Von besonderem Interesse sind daneben auch Fragen, die sich aus aktuellen Herausforderungen und Problemen ergeben. In Hinsicht auf den afrikanischen Kontinent sind hier vor allem die Frage nach den kulturellen Wurzeln heutiger Gesellschaften, die häufig direkt mit aktuellen Identitätsdiskursen verbunden ist, zu nennen, ferner die Frage nach dem Umgang und der Nutzung von Landschaft und Ressourcen im Wandel der Zeit und nicht zuletzt die Frage nach Unterstützung afrikanischer Partner im Bereich des Kulturgüterschutzes. Dass die Problematik von Raubgrabungen und illegalem Handel mit archäologischen Objekten auch Afrika in erschreckendem Maß betrifft, wurde etwa auf der internationalen Tagung „Kulturgut in Gefahr.

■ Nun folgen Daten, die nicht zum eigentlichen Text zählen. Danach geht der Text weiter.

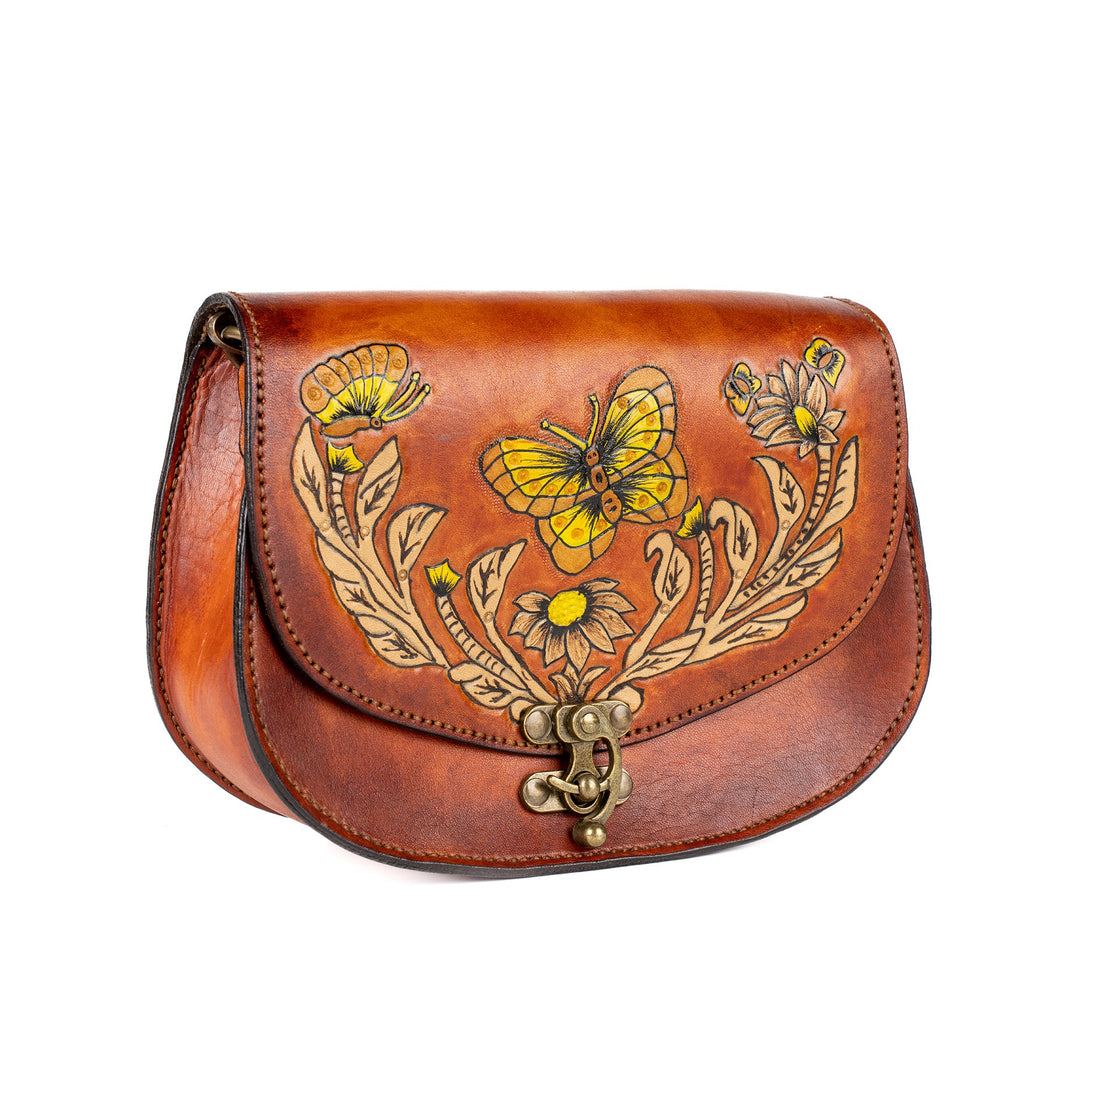 Kilidos Leather Carved & Crafted Hand Bag - Tan - Handbags Zengoda Shop online from Artisan Brands

Raubgrabungen und illegaler Handel" deutlich, die vom DAI gemeinsam mit der Stiftung Preußischer Kulturbesitz und dem Deutschen Verband für Archäologie am 11. und 12. Dezember 2014 im Auswärtigen Amt veranstaltet wurde. Die Dringlichkeit der Erfassung archäologischer Stätten und Kulturgüter sowie der Errichtung digitaler Verzeichnisse war auch einer der wichtigen Punkte während eines internationalen Workshops zum Kulturerhalt in Casablanca, an dem das DAI im Rahmen der Initiative „Africa-EU Partnership" zur Vorbereitung des EU-Afrika-Gipfels als Mitorganisator teilgenommen hatte. Dem an das DAI herangetragene Wunsch nach Unterstützung bei der gemeinsamem Entwicklung digitaler Denkmalregister sowie bei der Aus- und Fortbildung in der Anwendung moderner Prospektions- und Fernerkundungsmethoden wird vor allem durch die Projekte des Referats für Kulturgüterschutz und Site Management sowie des IT-Referats Rechnung getragen, deren Arbeit nicht nur die Entwicklung gemeinsamer Forschungsziele mit afrikanischen Partnern erleichtert, sondern in sich einen Dialogprozess von großer Bedeutung für die Entwicklung leistungsfähiger Wissenschaftsstandorte im Bereich des kulturellen Erbes und seiner Bedeutung für die Gegenwart bildet.

Die Broschüre "Archäologische Forschungen des DAI in Afrika 2018" informiert auf Deutsch und Englisch über alle aktuellen Projekte von Marokko und Tunesien über Ägypten, Sudan und Äthiopien bis nach Südafrika.